=== Section Start ===

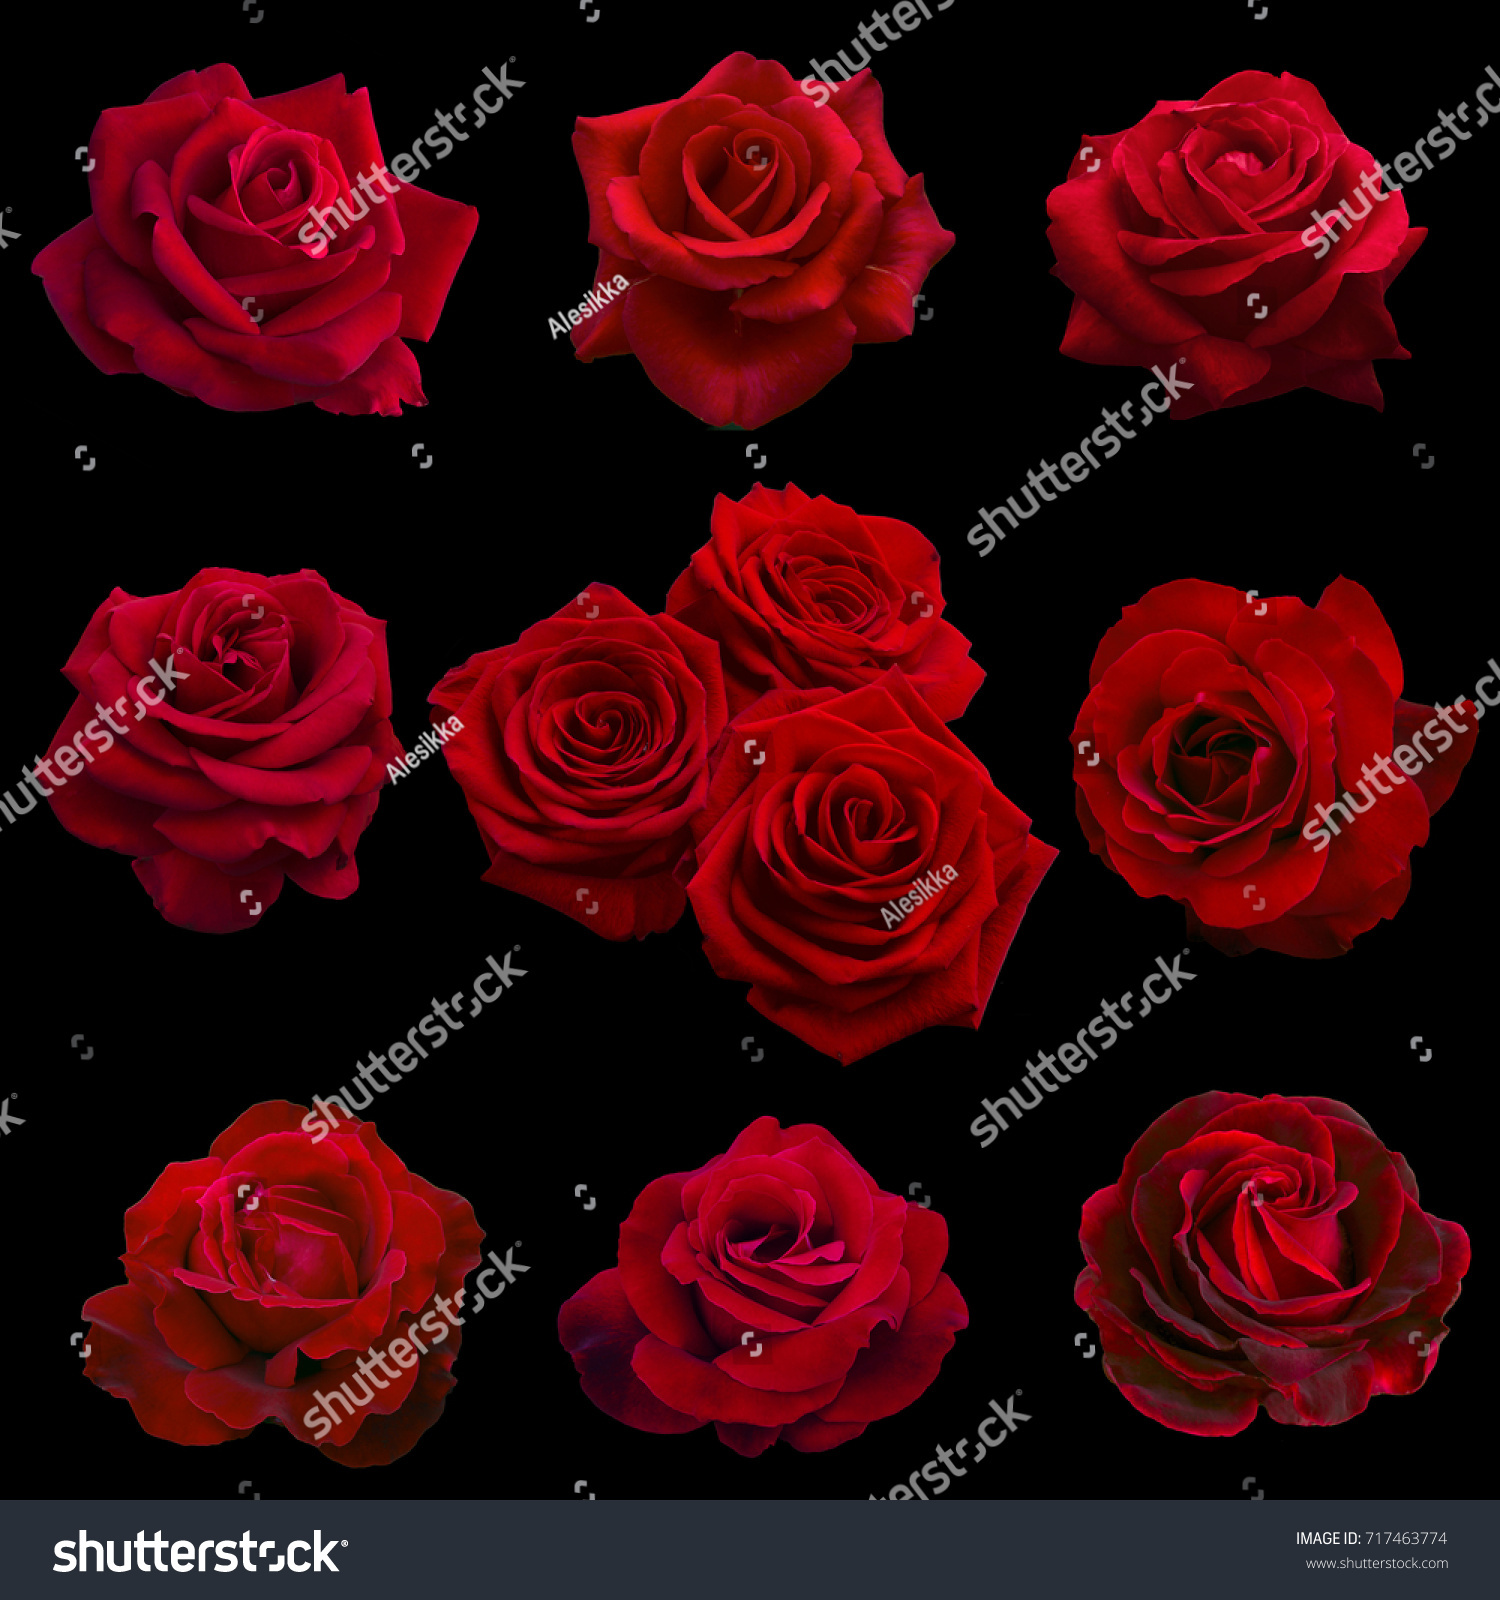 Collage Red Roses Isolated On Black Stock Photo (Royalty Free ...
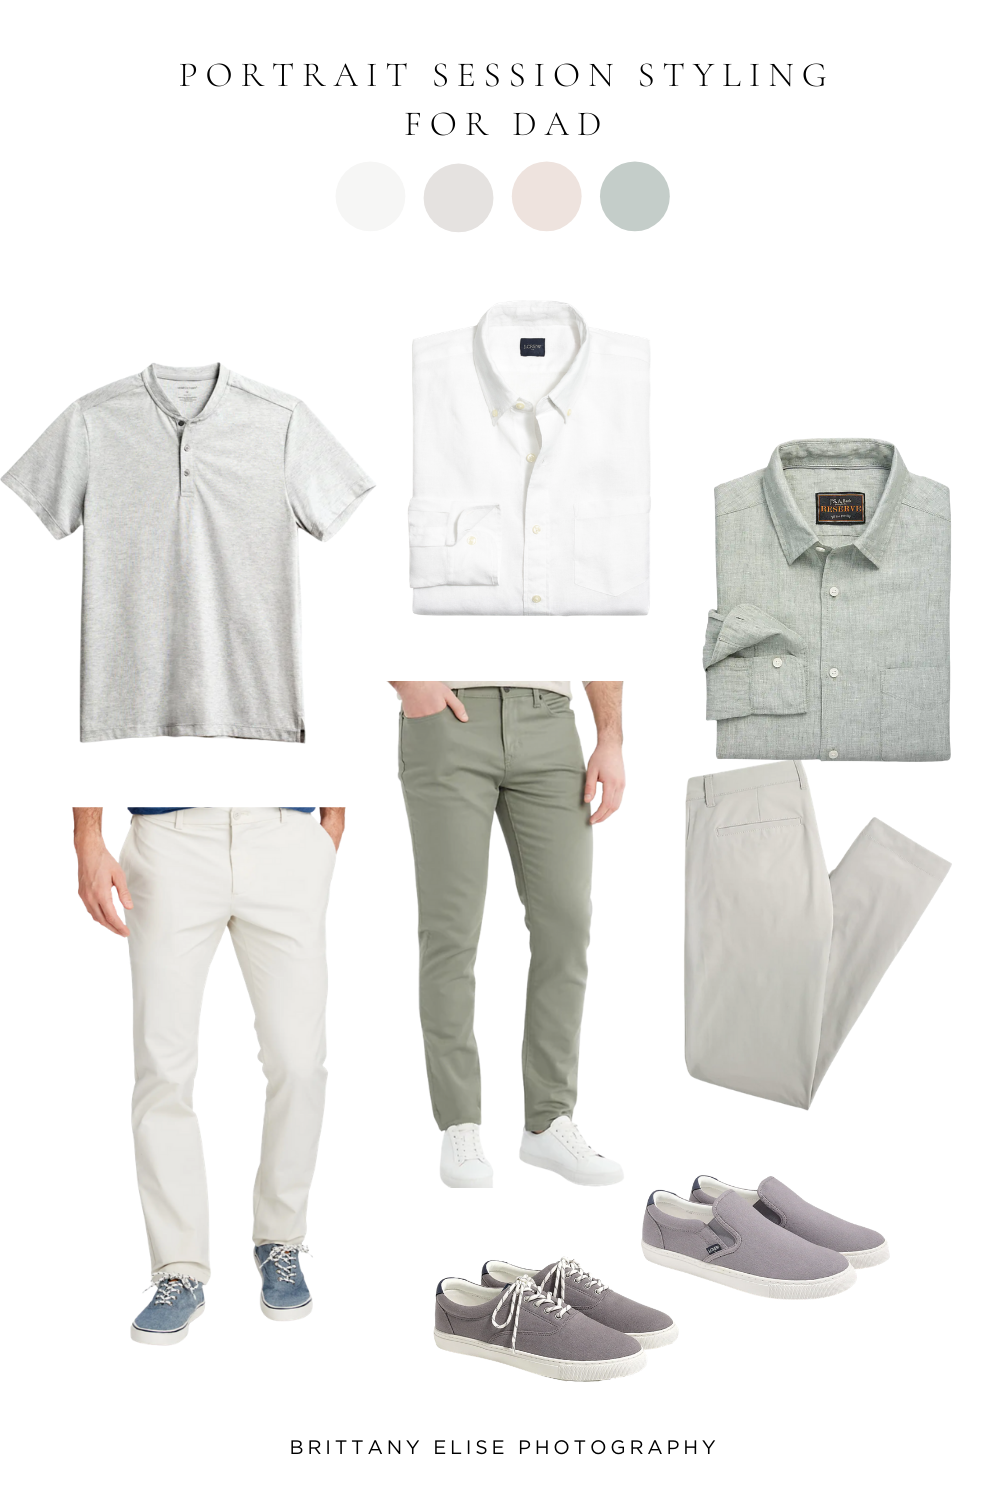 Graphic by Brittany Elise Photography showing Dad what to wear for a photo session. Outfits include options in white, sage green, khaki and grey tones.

=== Section End ===
=== Section Start ===

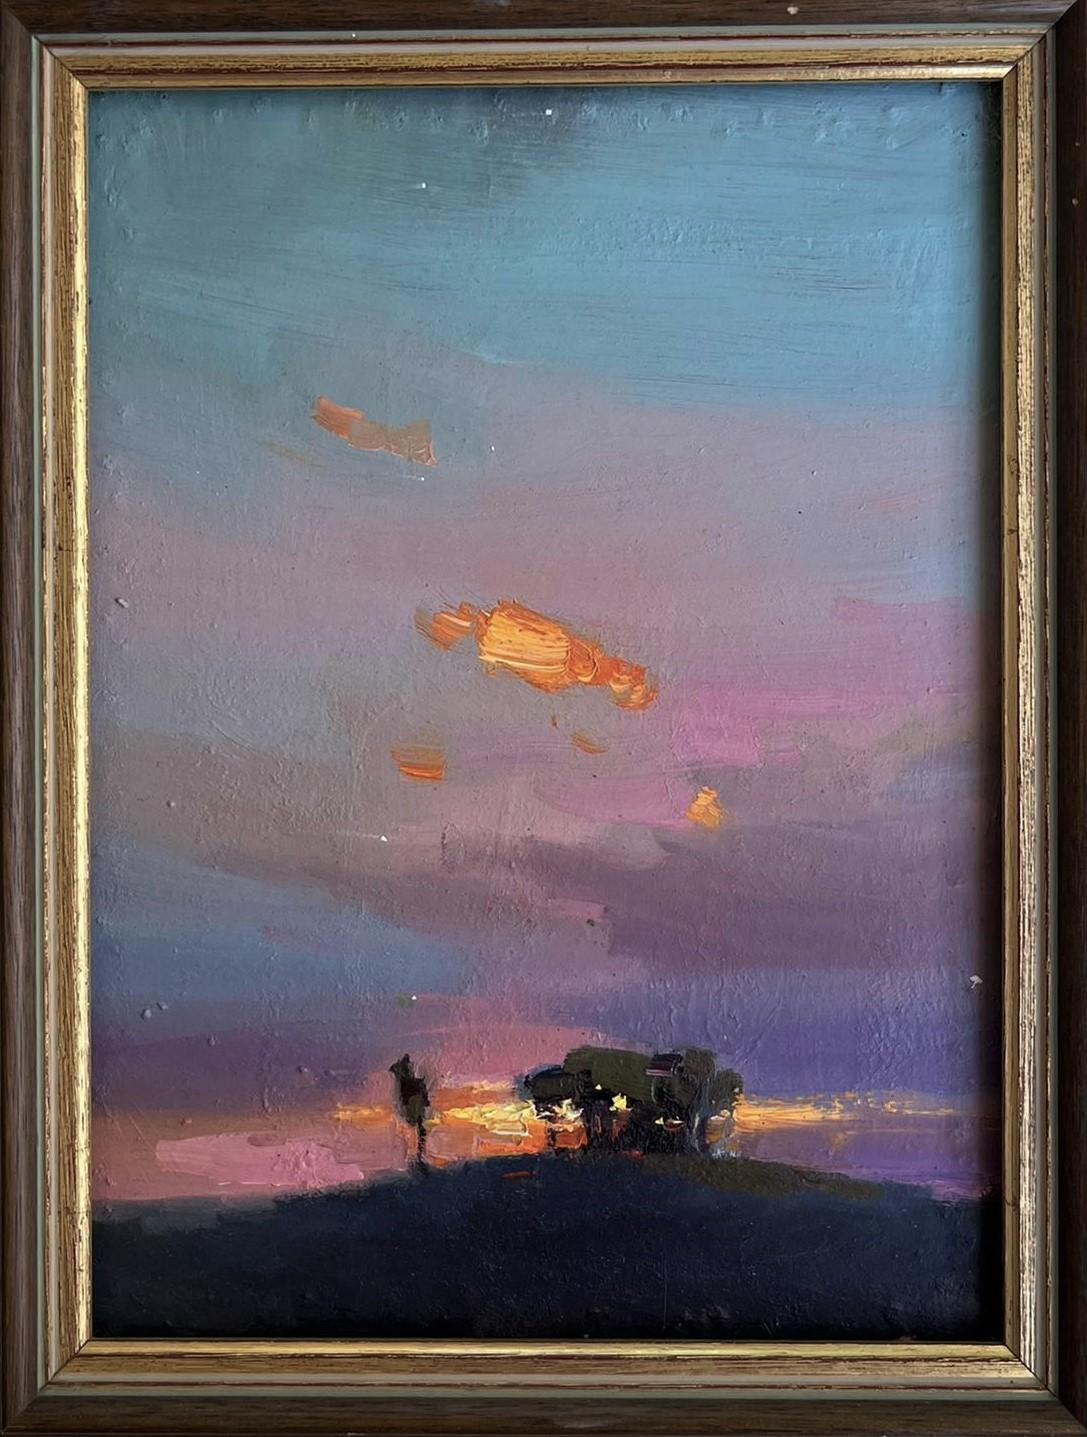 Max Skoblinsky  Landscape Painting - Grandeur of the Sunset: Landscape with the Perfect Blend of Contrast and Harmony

=== Section End ===
=== Section Start ===

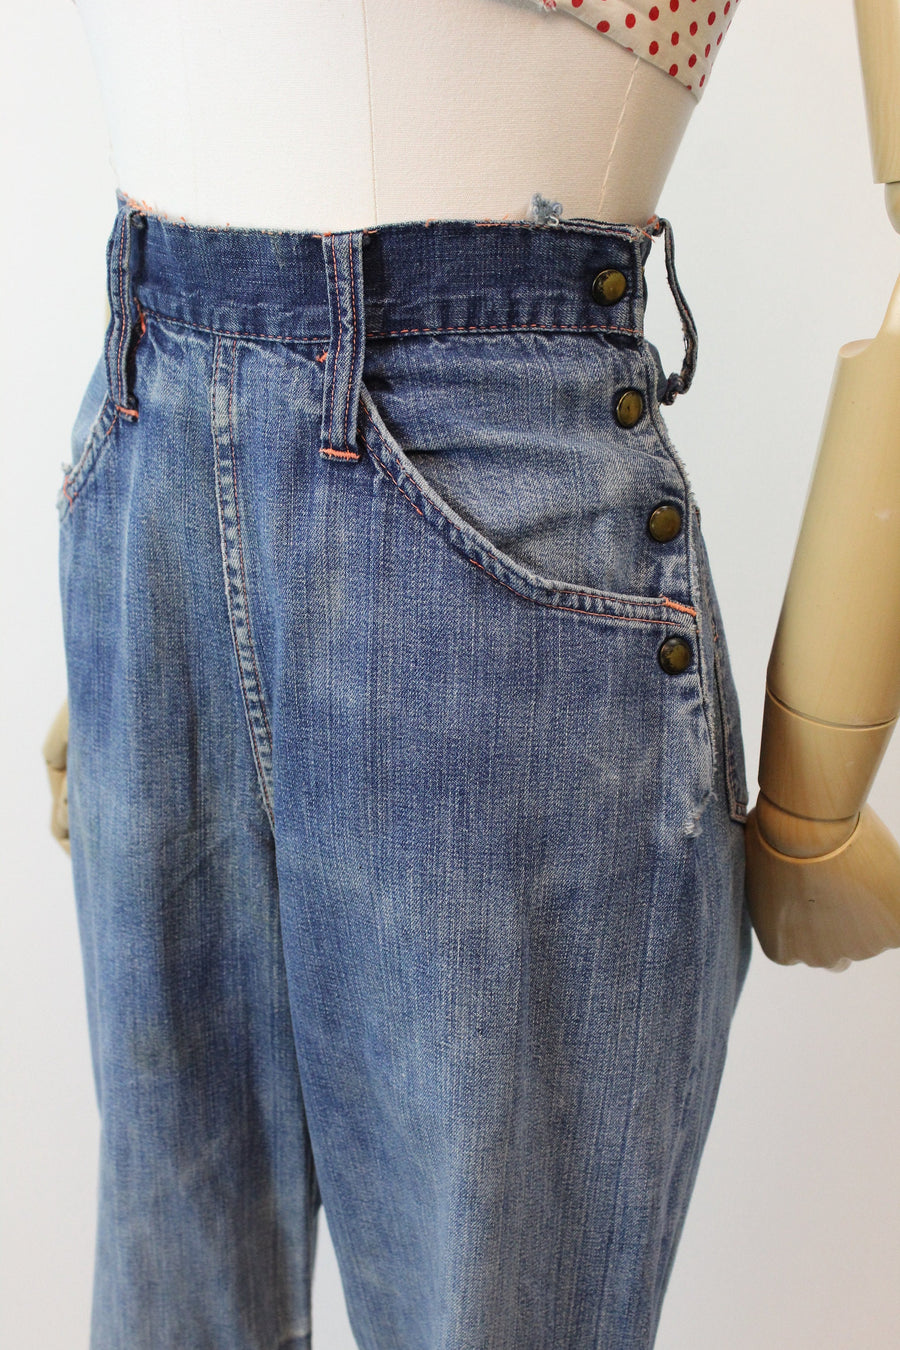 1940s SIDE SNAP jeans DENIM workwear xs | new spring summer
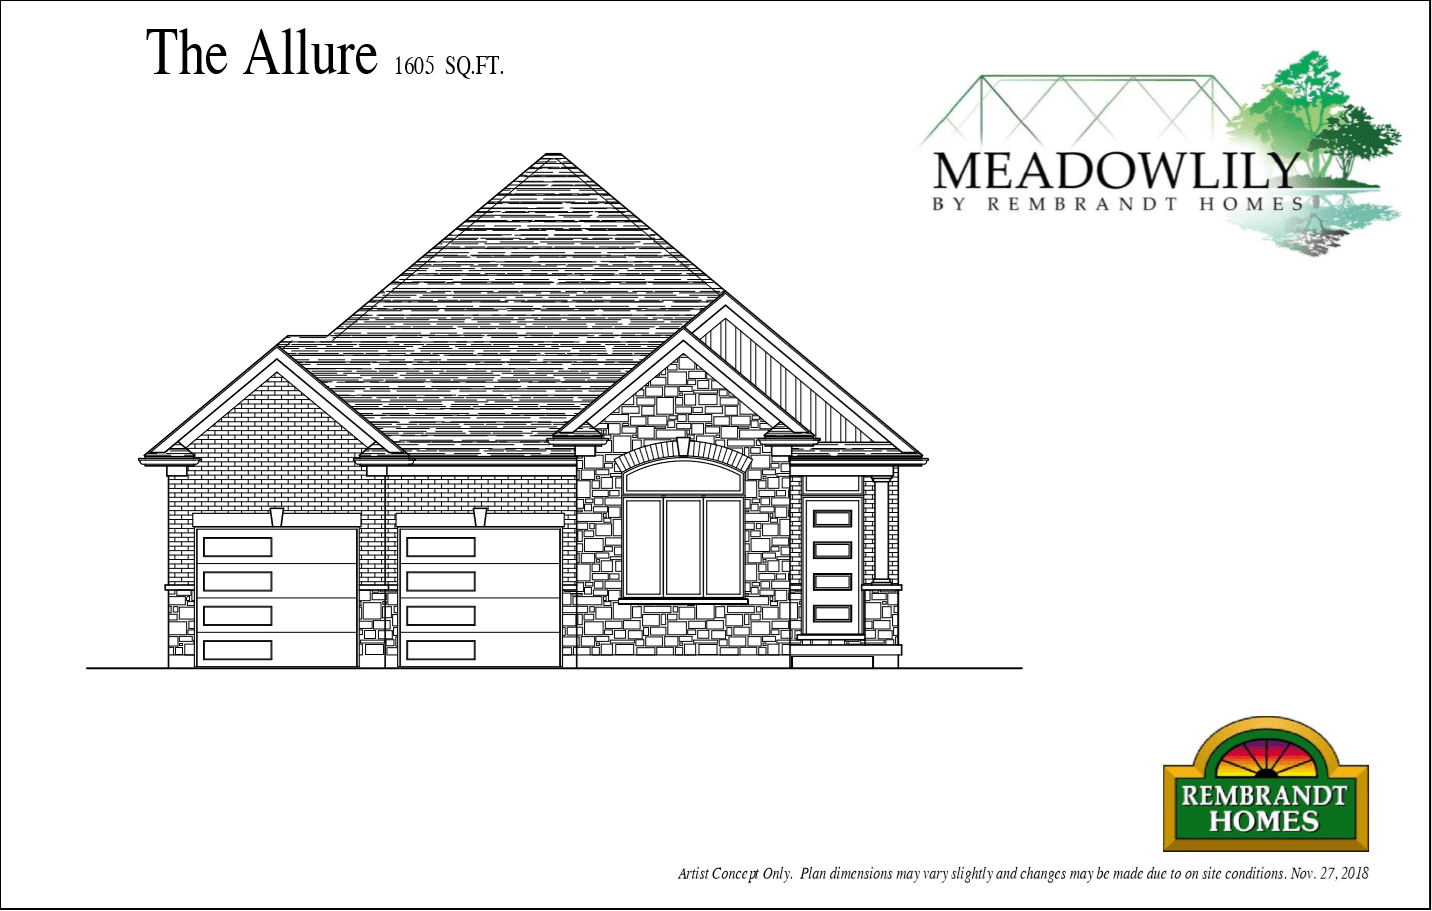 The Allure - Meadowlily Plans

=== Section End ===

### Work task:
Above are records; write out the lines from the one with "Collage Red Roses" down to the one with "Graphic by Brittany", exactly, leaving the pictures out.

### Solution:
 Collage Red Roses Isolated On Black Stock Photo (Royalty Free ...
 Graphic by Brittany Elise Photography showing Dad what to wear for a photo session. Outfits include options in white, sage green, khaki and grey tones.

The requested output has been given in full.